Osobową Toyotą jechało aż 10 osób. Dwie z nich zginęły.

Wiele osób pamięta czasy, gdy nie przestrzegano limitu pasażerów jadących w samochodzie. Nie było także wówczas obowiązku zapinania pasów przez pasażerów, czy wożenia dzieci w fotelikach. Jednak wówczas był także mniejszy ruch na drodze, a auta jeździły znacznie wolniej.
W przypadku tragicznego wypadku nie tylko przekroczono limit pasażerów, bo Toyotą podróżowało aż 10 osób. Ponadto kierujący nie dostosował prędkości do warunków jazdy, a co więcej był kompletnie pijany.

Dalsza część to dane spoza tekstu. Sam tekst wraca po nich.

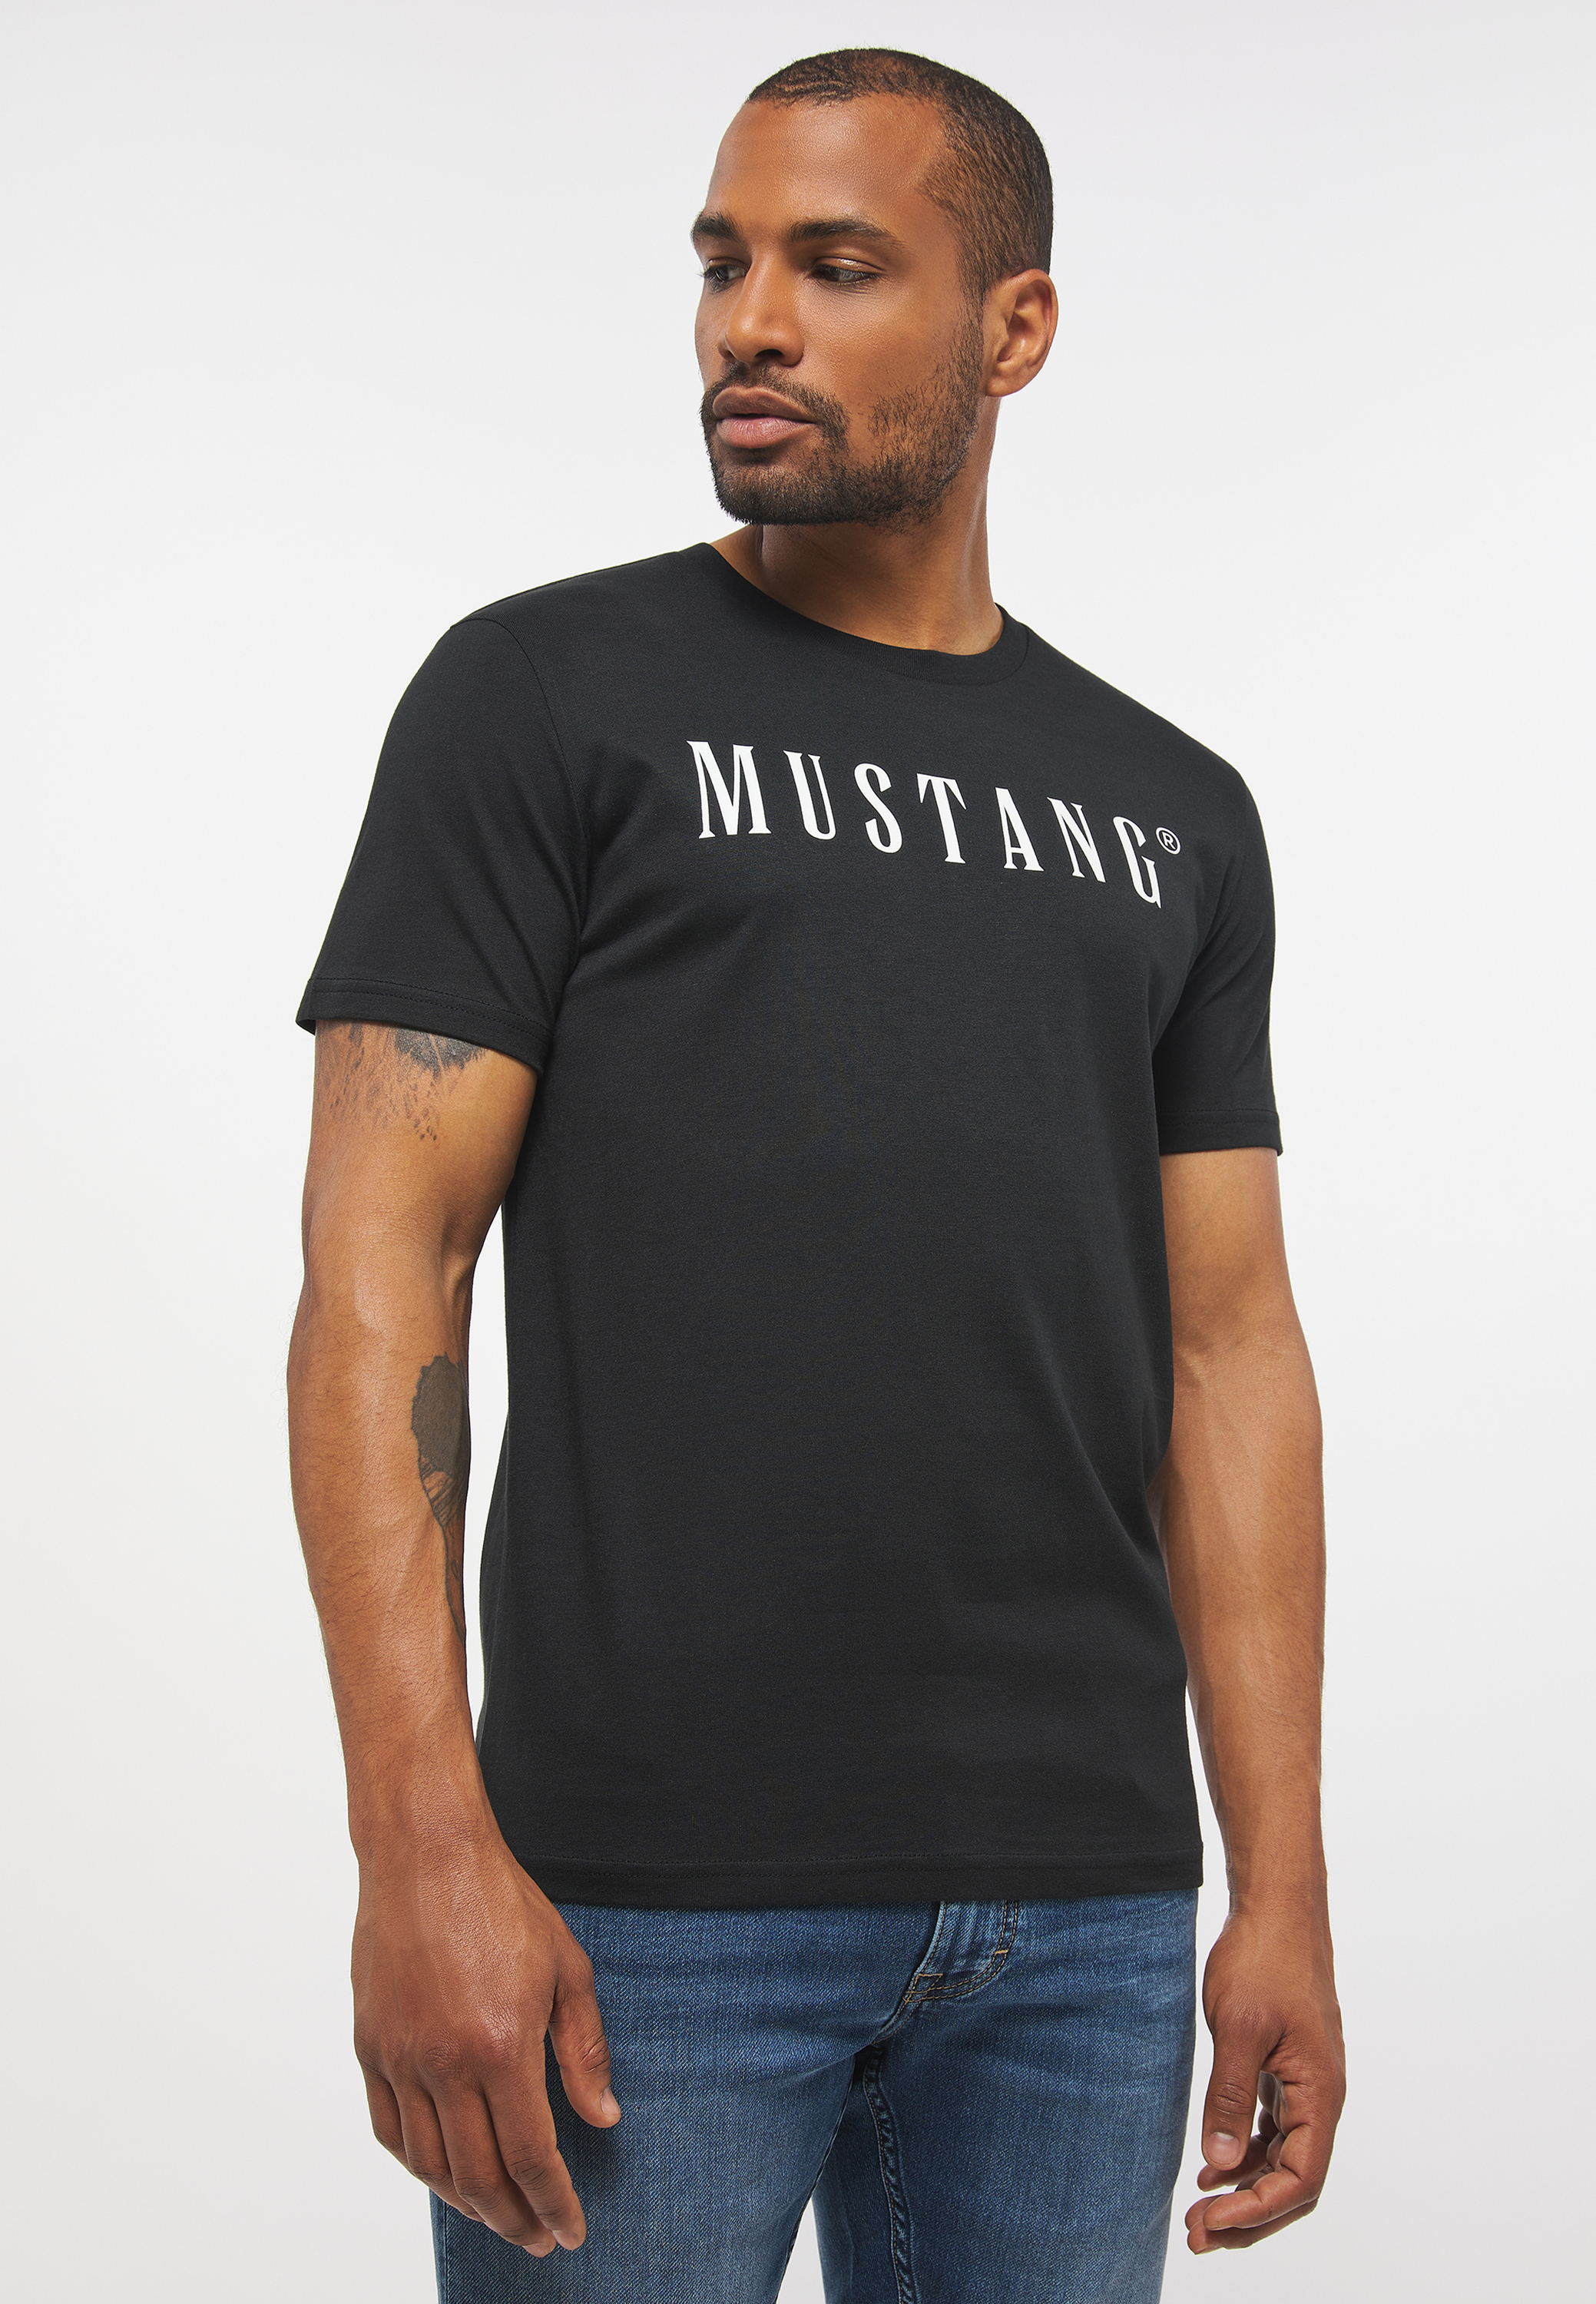 großem Frontprint kaufen jetzt bei mit bei T-Shirt Mustang

Jak wynika ze wstępnych ustaleń policjantów, kierujący Toyotą w obszarze zabudowanym na prostym odcinku drogi nie dostosował prędkości do warunków ruchu w wyniku czego zjechał z drogi, uderzył w słup latarni oświetleniowej, następnie w ogrodzenie posesji doprowadzając do przewrócenia się pojazdu. Autem łącznie z kierowcą podróżowało 10 nastolatków w wieku od 17 do 19-lat. Wszyscy z powiatu chełmskiego.
Niestety na miejscu, na skutek odniesionych obrażeń, zginęło dwóch pasażerów.
– informuje lubelska policja.
Kierowca i 5 pasażerów trafili do szpitala, natomiast dwie pozostałe osoby nie potrzebowały pomocy medycznej.
Prowadzący pojazd 19-latek miał w organizmie ponad 2 promile alkoholu. Młody mężczyzna trafił do aresztu, a za spowodowanie zdarzenia drogowego ze skutkiem śmiertelnym czekają go poważne konsekwencje prawne.
Policja apeluje o wyobraźnię i zachowanie rozwagi na drodze.